В этом он весь, но еще с двух сторон надо его уточнить. Во-первых, не о вовсе чужих и далеких народах мы думаем, когда его ставим, и не о родственниках, не о ближайших соседях; о Западе мыслим, о людях Запада, родных, но и чужих, о тех, что как будто и мы, а все же во многом не мы. Во-вторых, не о том идет речь, что могут они понять, полюбить как свое у писателей наших и, когда в совершенстве осилят язык — у поэтов. Речь идет о любви к тому русскому, что кажется им именно русским, а не своим, и что совсем не совпадает с тем хорошим или очень хорошим, с тем хорошим «вообще», что могут они, вслед за нами или независимо от нас, найти у наших писателей, поэтов, мыслителей, композиторов, художников. То русское, что любят нерусские (когда они его любят), может найтись и там, на высотах, но может сквозить — для них сквозить — и в самой будничной ткани русских обычаев, нравов, привычек, отражаемых литературой даже и не высокого полета, или непосредственно воспринятых, помимо всякого искусства, на улице подобранных, найденных в быту…
* * *
Бывал я нередко, в былые времена, у благоволившею мне, как и другим русским парижанам — Адамовичу, Фельзену — французского писателя, умершего накануне войны (критика, прежде всего), Шарля Дю Боса, человека широкого ума и открытой души. В литературе, в литературах (не одна французская была ему близка) прожил он жизнь. Необычайно любил Чехова. Прочел все, что было переведено, письма, мельчайшие пустячки. То, чего не было по-французски, прочел по-немецки или по-английски. Перечитывал неустанно, восхищался вновь и вновь. Многим у Чехова восхищаюсь и я, но долго не мог я понять ни причин, ни меры — безмерности даже — его восхищения. Постепенно, однако, из разговоров выяснилось, что не искусство Чехова его восхищало, а изображенная Чеховым — без всякого восхищения — русская жизнь. Не вся целиком и не в тех ее чертах, которые Чехов порицал или описывал с грустью, а в тех, которых он вовсе не силился «подмечать»: они сами собой включались в повествование, чье правдоподобие, однако, и впрямь было бы утрачено без них. Черты эти соответствовали, несомненно, характеру чеховского дарования, но были все же сами по себе просто-напросто чертами русской жизни, которые могла бы Дю Босу явить сама чеховская или дочеховская Россия и с которыми могли бы ознакомить его десятки других наших «беллетристов», весьма скромно одаренных и нынче давно забытых. Больше Чехова вот это, русское, полюбил он в Чехове.

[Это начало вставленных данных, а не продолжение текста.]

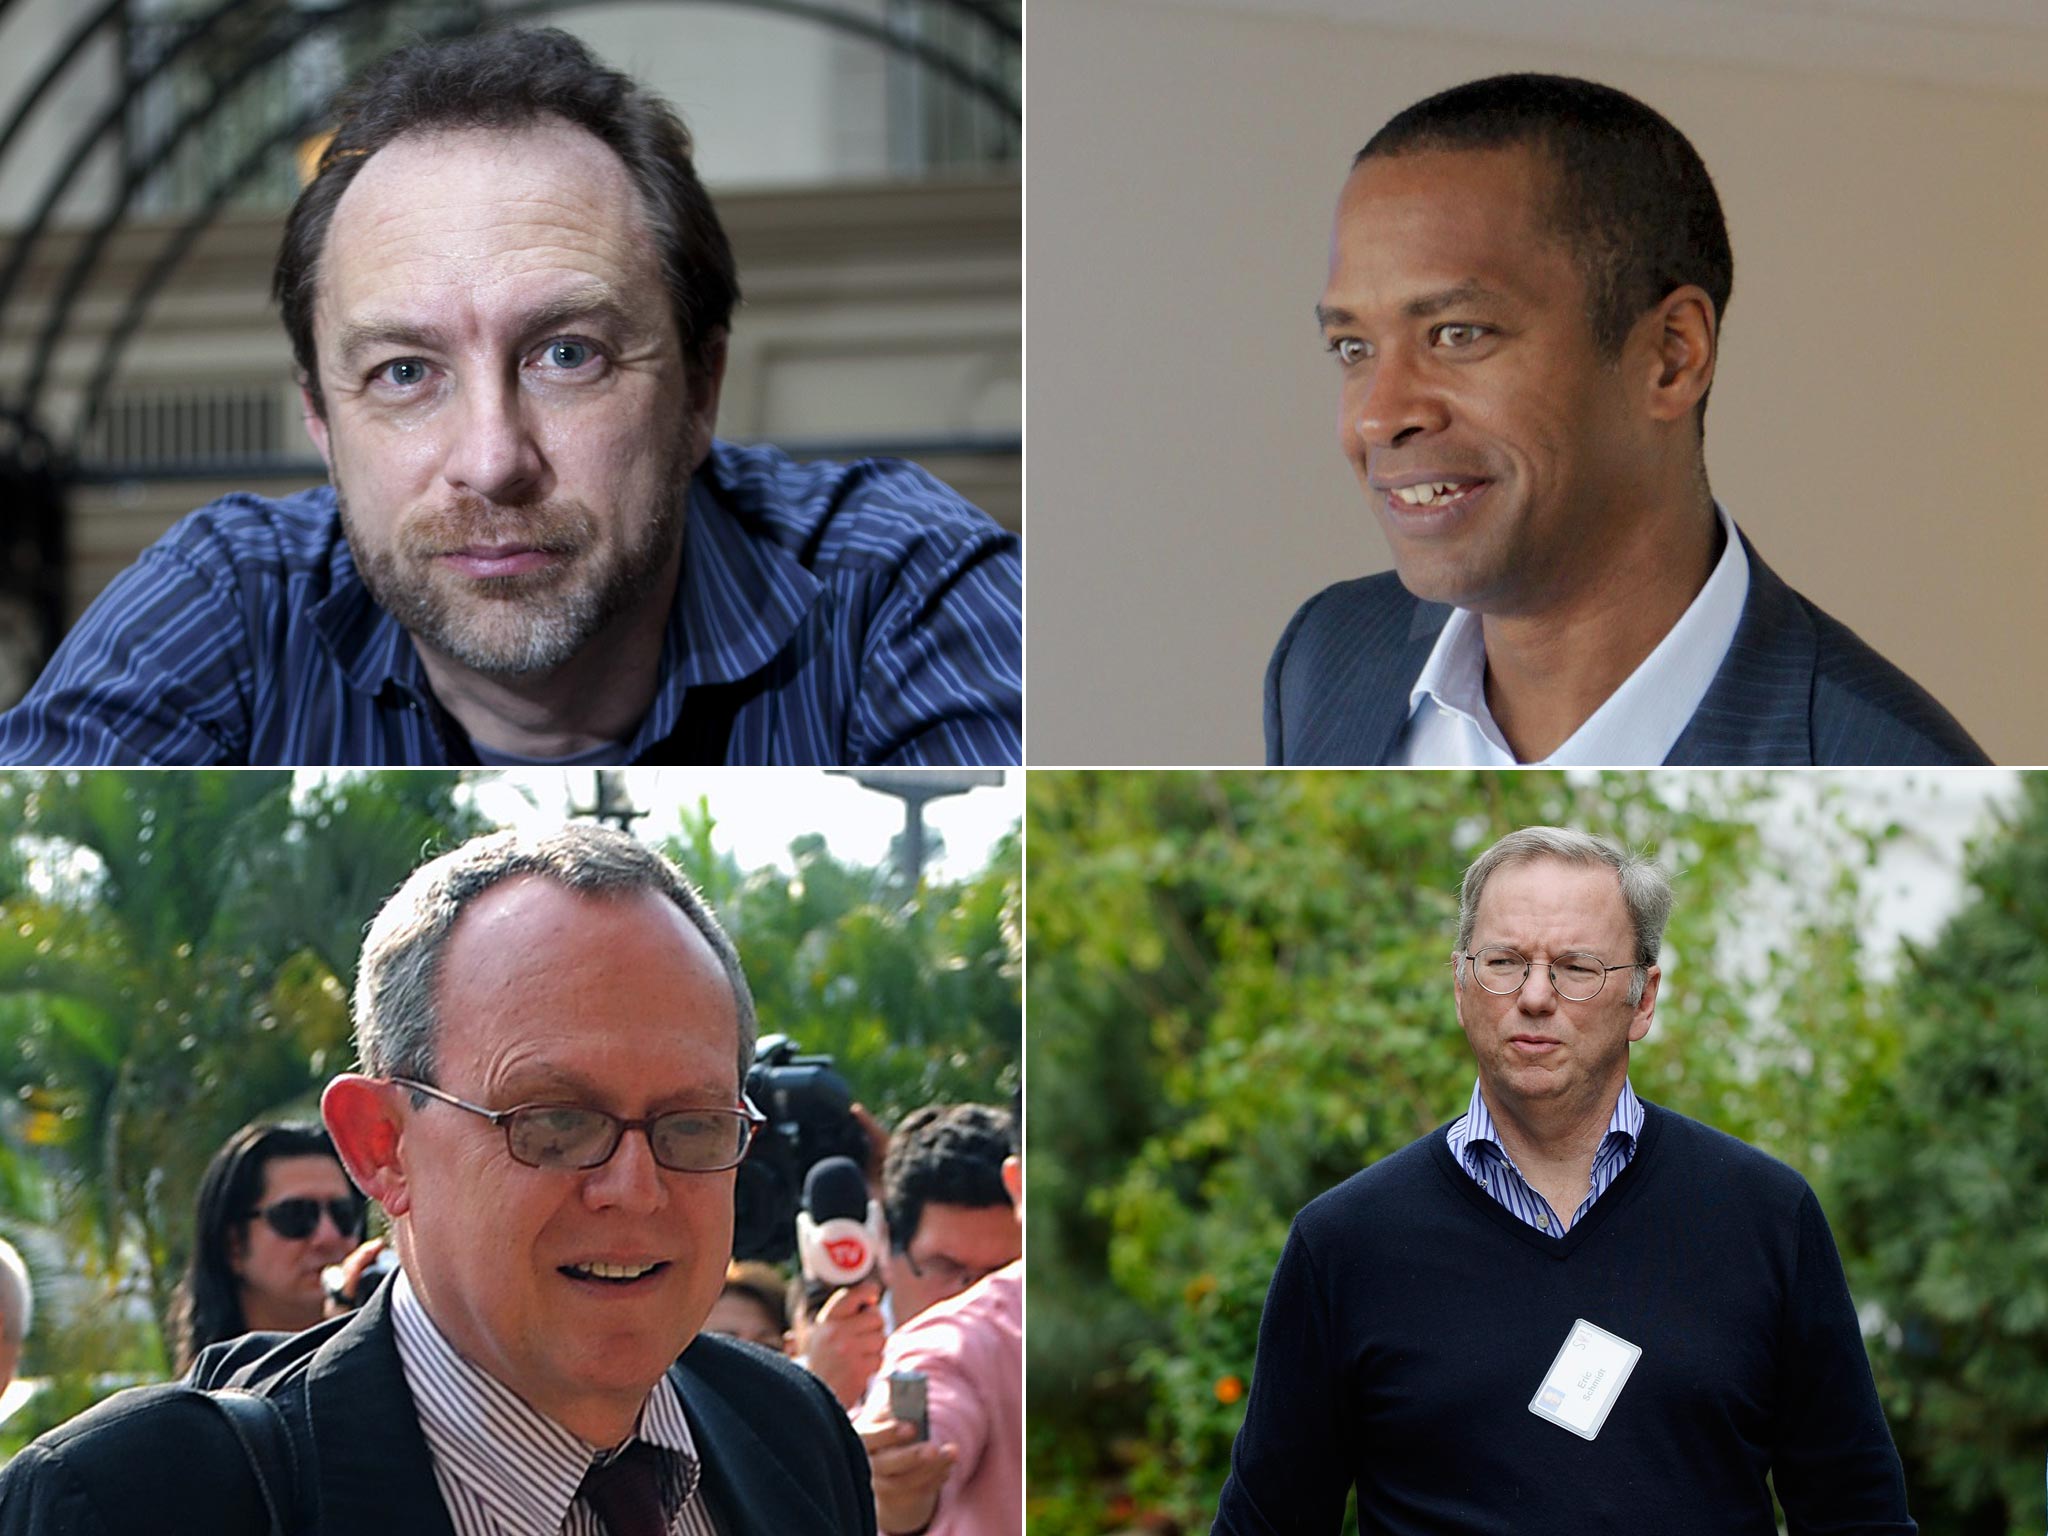 On Google’s advisory panel: (clockwise from top left) Jimmy Wales, Wikipedia co-founder; David Drummond, Google senior vice president; Eric Schmidt, Google chairman; Frank La Rue, UN special
rapporteur on freedom of expression

Что же именно? Какие это черты? — Отсутствие или непризнание перегородок, твердых преград между людьми. Простота и сердечность — а если бессердечность, то столь же откровенная — отношений между ними. Прямота и безыскусственность чувств, задушевность разговоров. Недоверие и отвращение ко всему эффектному и показному, ко всякой позе и фразе. Несуровость насчет «слабостей» — чужих, а не только своих — и вообще готовность простить более прочная, чем готовность осудить. Это черты чеховских людей, но я думаю, все со мной согласятся, что это и черты очень широкого круга русских людей до Чехова, как и после Чехова, сохранившиеся до сих пор, как у русских за рубежом, как и у многих без сомнения, в нынешней России. Мундиры у нас — всех родов мундиры — расстегивались легко, и не любили у нас «в мундире» ничего, кроме картошки. О людях судили «по человечеству» больше, чем «по закону» или по каким бы то ни было готовым правилам — даже и в Петербурге, который по своей — не такой уж строгой — строгости, по весьма относительной чопорности своей казался не совсем Россией остальной России. Все это, в прибавку к безбрежности страны, создавало то чувство свободы – не правовой, но бытовой, — которое ощущали и западные люди, поселявшиеся у нас не на слишком короткий срок.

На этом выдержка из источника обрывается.